103. A retiring Director shall be eligible for re-election and shall act as a Director throughout the meeting at which he retires.

104. Subject to any resolution for reducing the number of Directors, if at any meeting at which an election of Directors ought to take place, the place of the retiring Directors not filled up, the meeting shall stand adjourned till the next succeeding day which is not a public holiday at the same time and place and if at the adjourned meeting, the places of the retiring Directors are not filled up, the retiring Directors or such of them as have not had their places filled up shall (it will to continue in office) be deemed to have been re-elected at the adjourned meeting.

PROCEEDINGS OF DIRECTORS

105. The Directors may meet together for dispatch of the business, adjourn and otherwise regulate their meetings and proceedings as they think fit. Notice of every meeting of the Board of Directors shall be given in writing to every Director of the Company at his / her usual address in India.

The notice will be sent through e-mail, fax or any other medium with a confirmation copy through registered post or courier.

The notice shall be given at least 7 (seven) days in advance. However, in case of urgency, meeting may be convened at a shorter notice with the consent of a majority of directors.

The Board meeting may be held at a place anywhere in India, on any day including Sunday or other holidays and also outside normal business hours of the Company.

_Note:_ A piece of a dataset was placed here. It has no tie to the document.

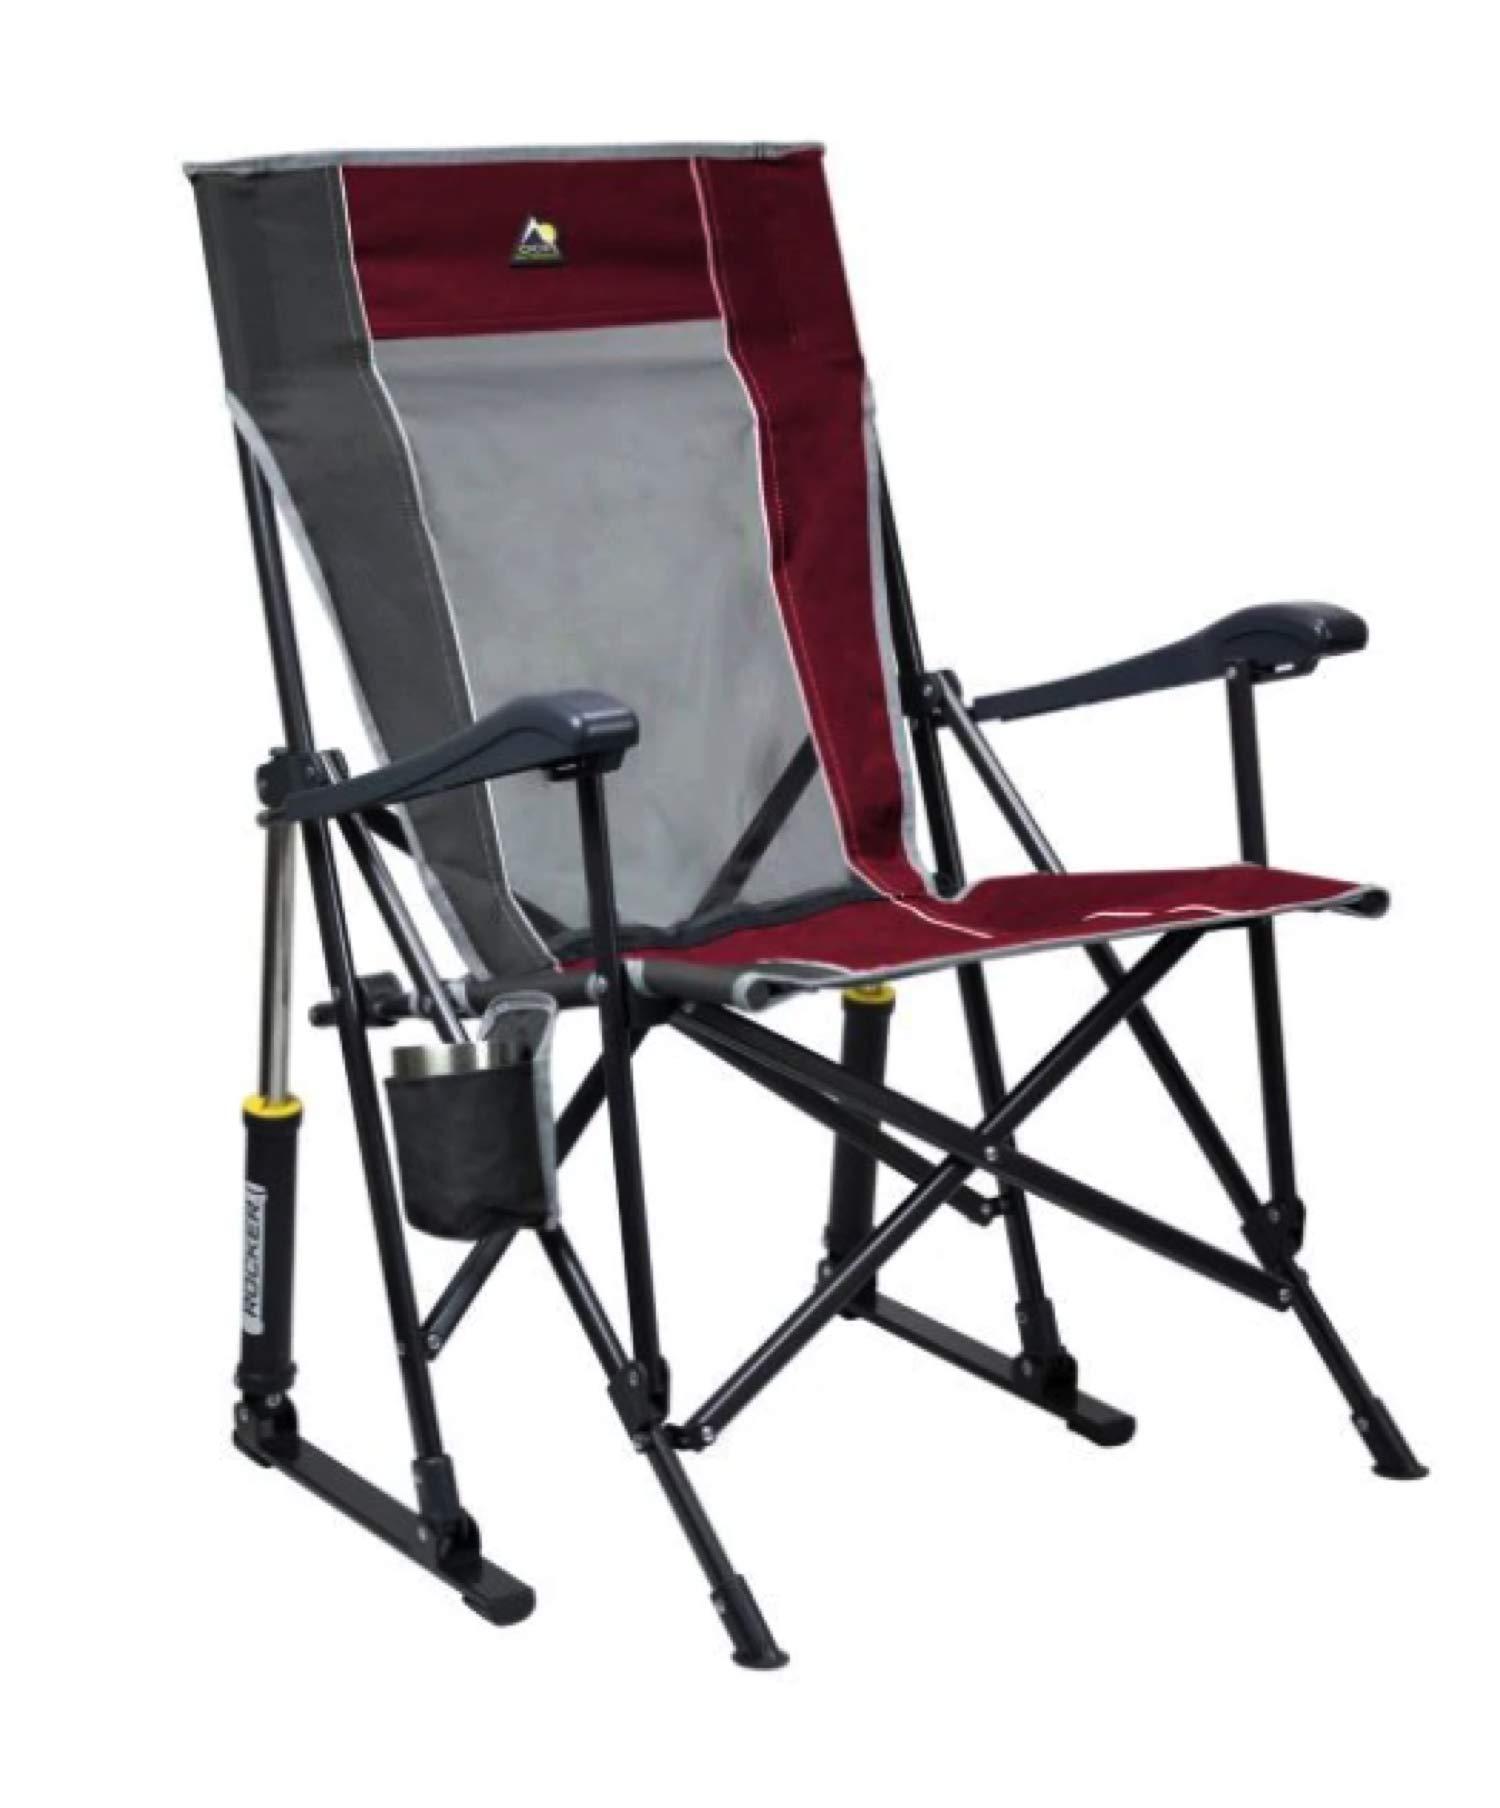 GCI Roadtrip Rocking Chair Outdoor (Cinnamon/Pewter) by GCI

106. The quorum for a meeting of the Directors shall be determined from time to time in accordance with the provisions of Section 287 of the Act. If a quorum shall not be present within fifteen minutes from the time appointed for holding a meeting of the Directors, it shall be adjourned until such date and time as the Directors present shall appoint.

107. The Secretary may at any time, and upon request of any two Directors shall summon a meeting of the Directors.

108. Subject to the provisions of Section 316, 372 (5) and 386 of the Act, questions arising at any meeting shall be decided by a majority of votes, each director having one vote and in case of an equality of votes, the Chairman shall have a second or casting vote.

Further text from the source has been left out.